Make sure you follow Beretta on FacebookTwitter or YouTube


This post and its contents are the views and opinions of the author only, and do not necessarily represent Beretta.

Shotgun Shells: The Ins and Outs of Selection (Part 1)


By Brad Wilson - Guest Contributor

How I love my hand loads!
In a previous entry by fellow blogger Adam Brassfield titled “Shell Selection for Waterfowl”, Adam talks about what size shot he would typically use for different types of waterfowl.  What he based everything off of was the size of  bird he would be chasing that certain day.  Adam laid down some great groundwork for new and old hunters that sometimes get mislead on what size shot they should be using.  This is the first thing everyone should take into consideration when choosing shot.  I would recommend reading that post as he has some great information in it.

For the next few segments we will take it a step further now that you understand that using 3.5” BB during early teal season is akin to bringing a SCUD missile to a boxing match.

I could honestly go on for hours and probably lose your attention with everything I am about to throw at you so for the sake of time and attention I will break this up into 3 different segments.  Factory VS hand loads, patterning, and what you can do to manipulate variables to achieve the outcome you are looking for.

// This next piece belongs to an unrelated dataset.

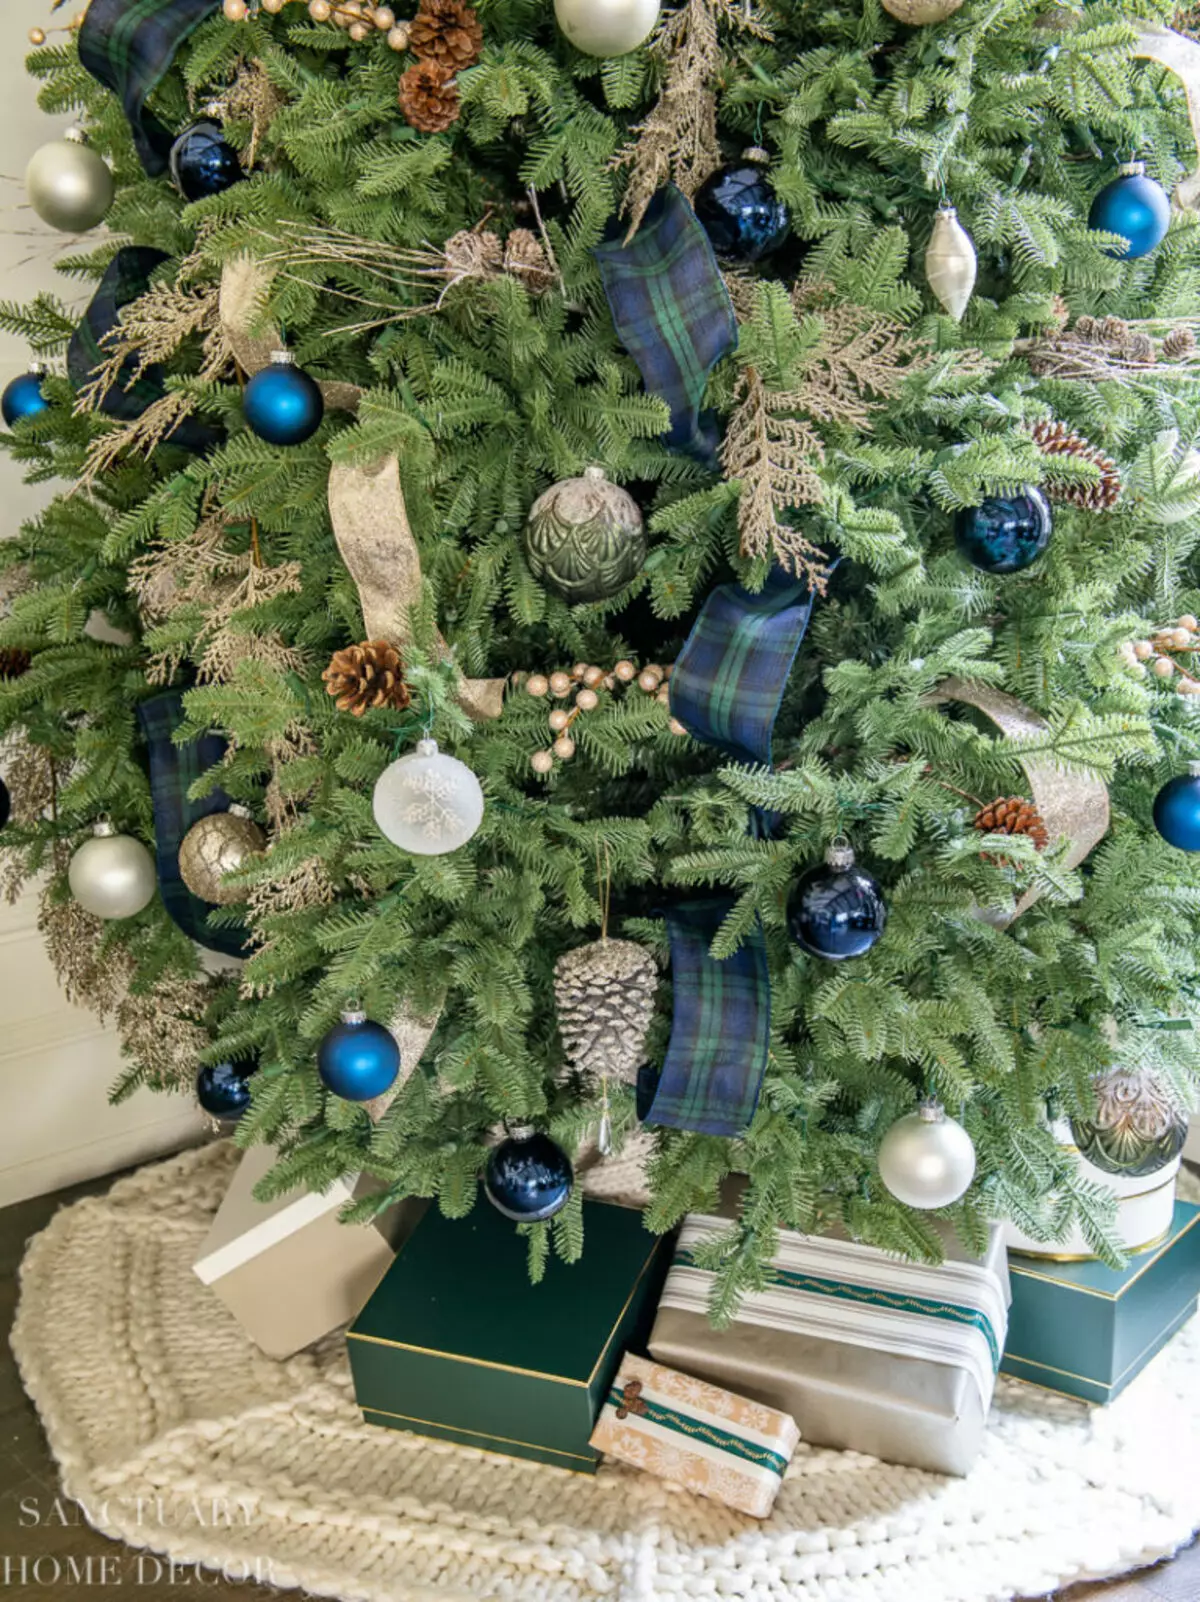 Làm thế nào để trang trí cây Giáng sinh màu xanh lam? 30 ảnh Làm thế nào để ăn mặc với những quả bóng và các trang trí khác trong tông màu xanh và bạc? 7627_16

After the jump I will talk briefly about factory ammo as well as hand loads….
So the first thing that you need to understand is that sometimes factory ammo can be more of a gimmick than a tried and true performer.  I personally jumped on the Black Cloud bandwagon when it first came out like many others and for good reason.  The ammo was marketed based on the wad design that would not allow the shot to leave the cup (wad) until about 10 yards from the end of the barrel.  This improved long range shots due to the tight patterning and left people in amazement at the shots they were able to take.  What people didn’t understand is that the shot loaded into the shell was no different than any other conventional steel shot.  The misconception lead to folks using the BC on decoying birds, and a lot of misses came as a result.

Then came Hevi Steel by Environmetal.  This stuff is what I like to run if for some reason I run out of my home loads and don’t have time to crank out a few boxes before the next hunt.  When you really look at the physics of this load you begin to understand that this type of load makes more sense because of its actual knock down power or terminal momentum.  This load uses a mix of hevi shot and conventional steel to achieve its effectiveness.

The ultimate way to get the best ballistics out of your gun is hand loading.  I started hand loading last year and haven’t looked back.  I can load heavy, light, fast, slow, or any combination of these to achieve my desired results.  My most recent load is running at 1750 fps with #4 conventional steel in a 1oz 2.75” load.  This has enough terminal momentum to drop ducks out to 45+ yards.  With this kind of performance, all my buddies are asking me to start loading boxes up for them!  I am now a firm believer in hand loading all of my ammunition.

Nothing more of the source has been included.